Mark Willstatter had two parallel fences on his property in Cameron Park, one closer to the house. When part of the closer fence fell down, he was faced with either rebuilding the fence or removing it. He opted to remove the fence and ended up with 100 linear feet of reusable redwood fence boards.

Willstatter did not want to throw the material away, so began looking on the internet for ways he might be able to get it reused. He found CalMAX, but at first thought he could not use the service because it was for businesses.
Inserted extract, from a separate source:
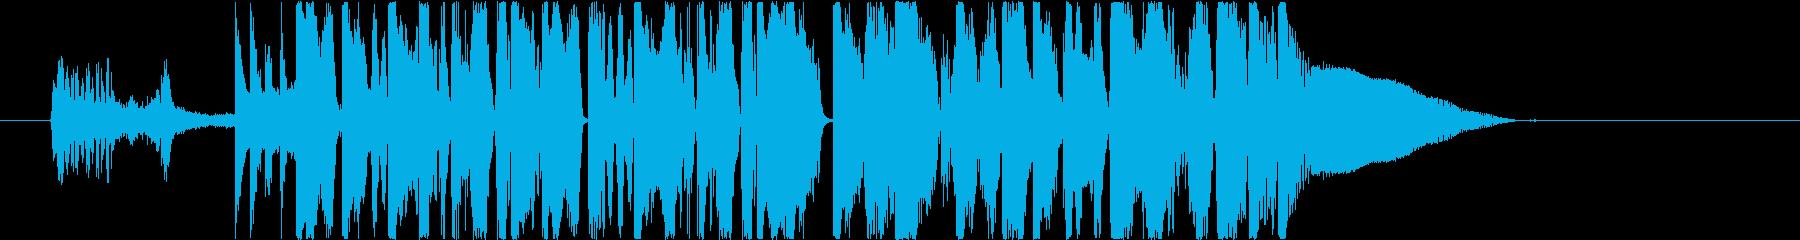 激闘を期待させるダークエレクトロジングルの再生済みの波形

Soon after, a co-worker at his wife’s office also mentioned CalMAX. Willstatter then contacted program staff and learned that, although the target audience of CalMAX is business, he could post his ad, which also provided a resource that businesses could use.

Within a few days of his ad going up on the website, Willstatter got a call from someone in rural Orangevale who was looking for scrap wood to build a chicken coop and tractor shed. “They had been trying to get scrap wood from contractors unsuccessfully,” explained Willstater, “so getting that wood was very helpful to them.”

Patio Doors

The Estipulars were replacing three 6 x 8 foot glass patio doors in their San Mateo County home and did not want to throw the old ones out. They called Habitat for Humanity and some construction businesses but did not find a taker for the doors.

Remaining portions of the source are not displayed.